There are already many typical notifications when you create a password (telling how weak or strong your passwords is, mostly by counting number of characters and use of variaton). This should be easy to implement (I guess these are available as open source packages).

Personally, I believe

  • It is not really our task to educate (by force) the users in picking good passwords.
  • Those simple strength measures are not that accurate, and they already perceive a password as strong when a suffix or prefix number is added or a capital is added at the beginning or the end (which is not really large randomness).
  • Actively brute-forcing is not necessary, you just need to verify the characteristics of the password. You do no really have to brute-force it. (possibly that specific site decided to test passwords retroactively - when they only have the hashed but not the real password - but when you test the passwords at the moment they are created you do not need to brute-force them)
  • Codidact is not your online bankaccount.

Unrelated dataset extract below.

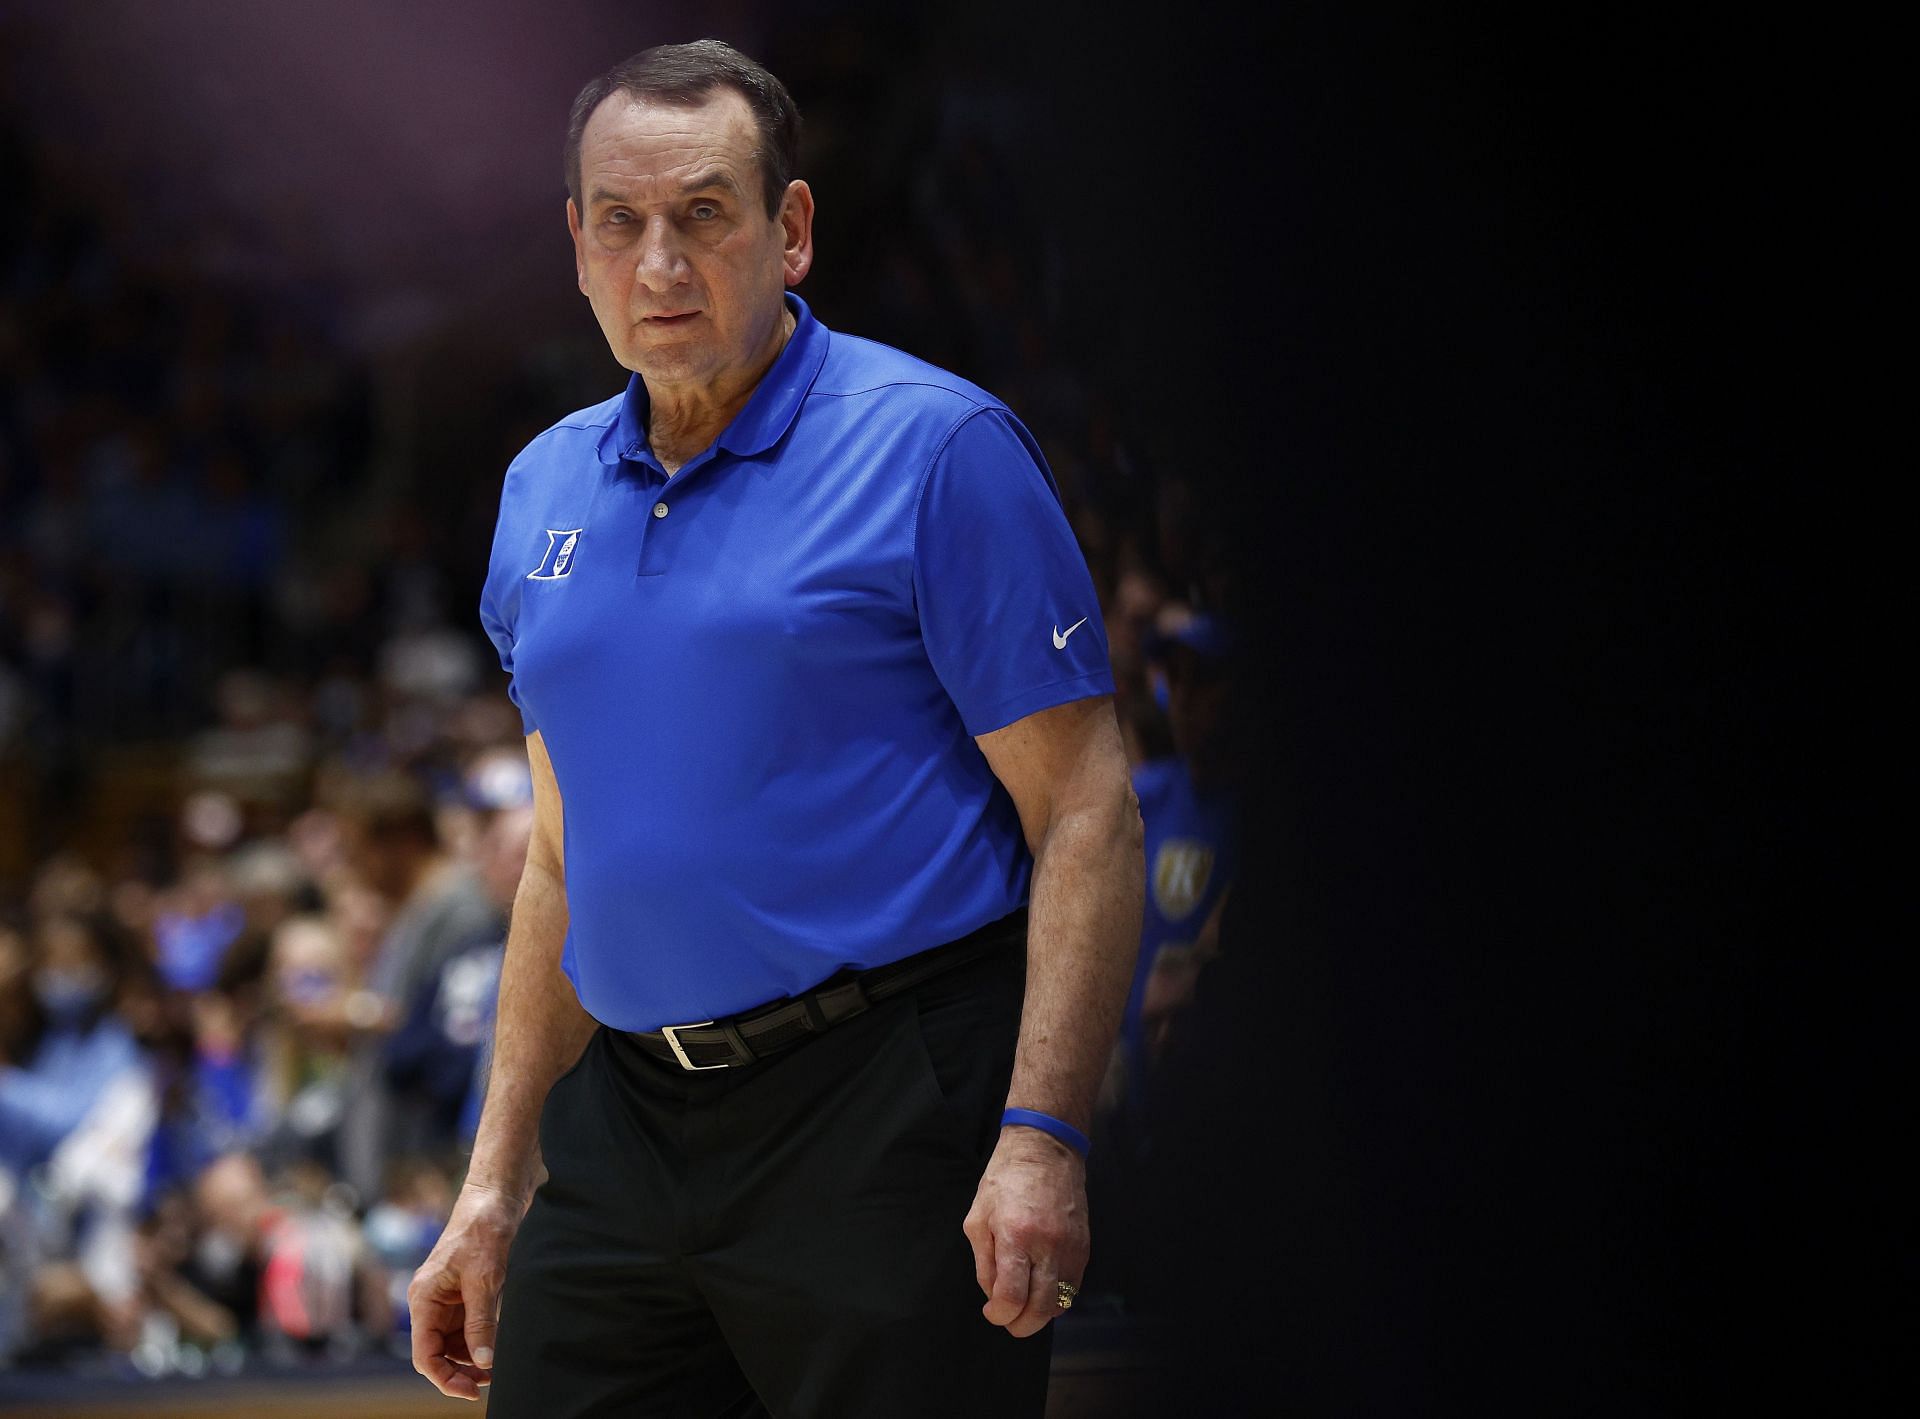 Duke coach Mike Krzyzewski is preparing for one last tournament as the Blue Devils coach.
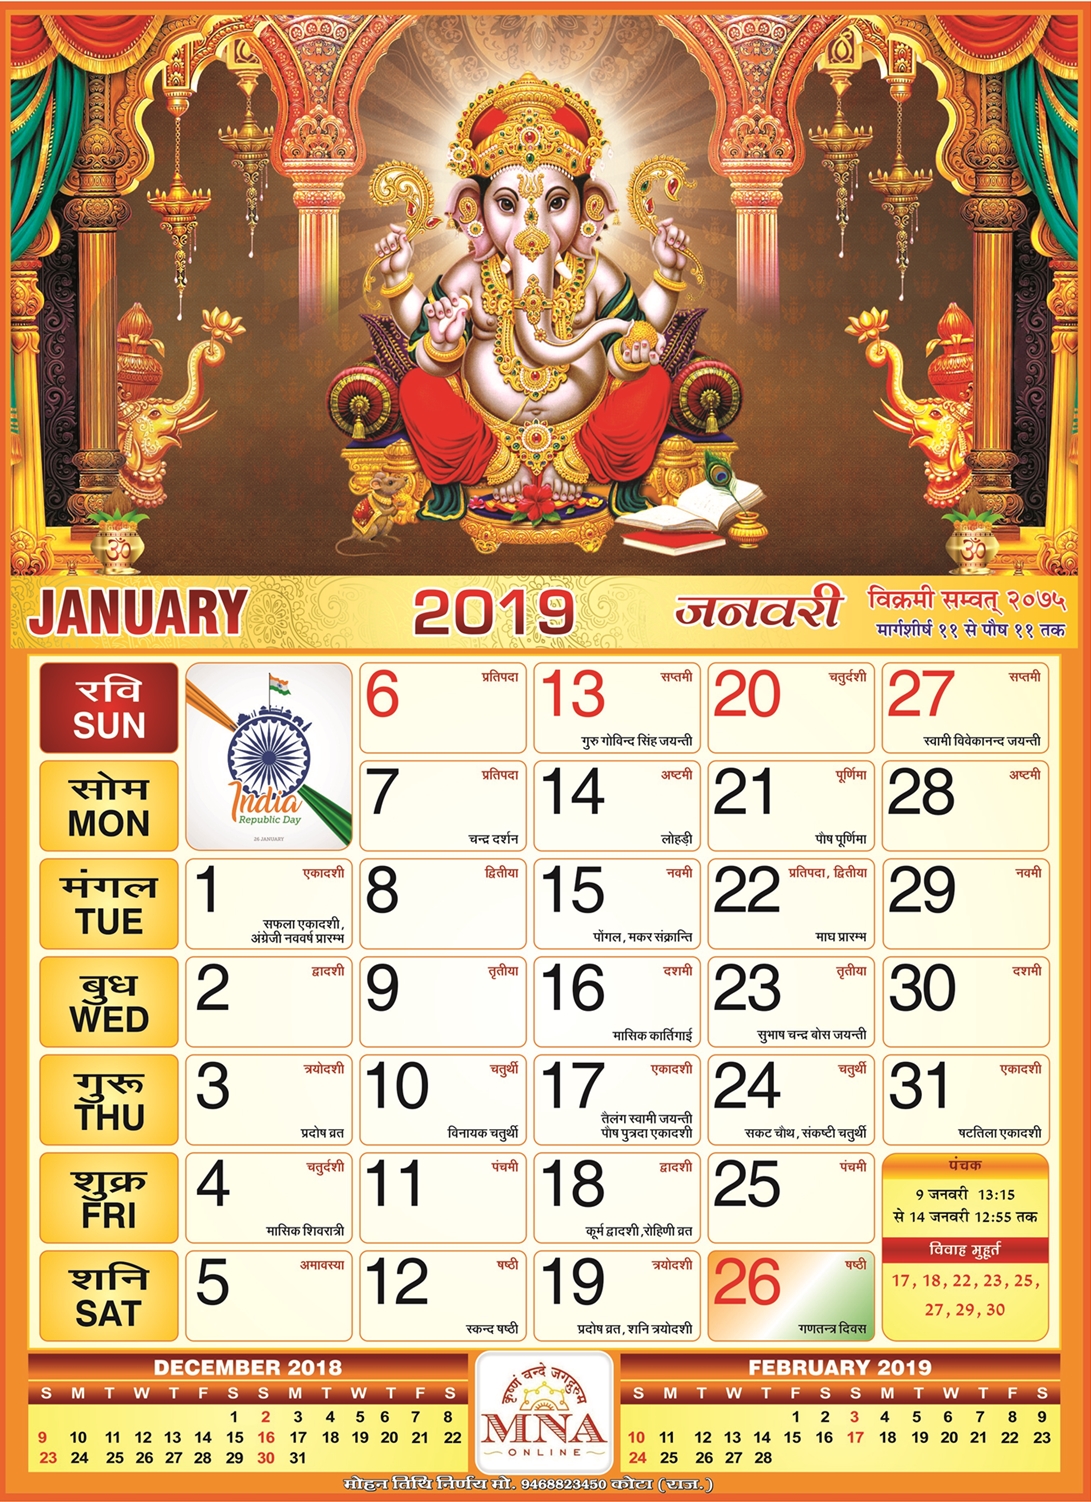 buy-mohan-tithi-nirnay-2019-hindu-calendar-2019-2-pcs-online-160-from-shopclues

  • Websites with restrictive passwords annoy me massively (either they accept too little characters or do not allow sufficient length - although this occurs much less now - or they enforce you to obligatory use more than you typically use). If a person desires to use a XKCD-style ( MVP: Account database scheme suggestion - #35 by manassehkatz ) password sentence of 25 characters length, then why would we dismiss that. Let users use what they wish to use (it might be even more secure than us meddling with their trusted methods and creating confusion).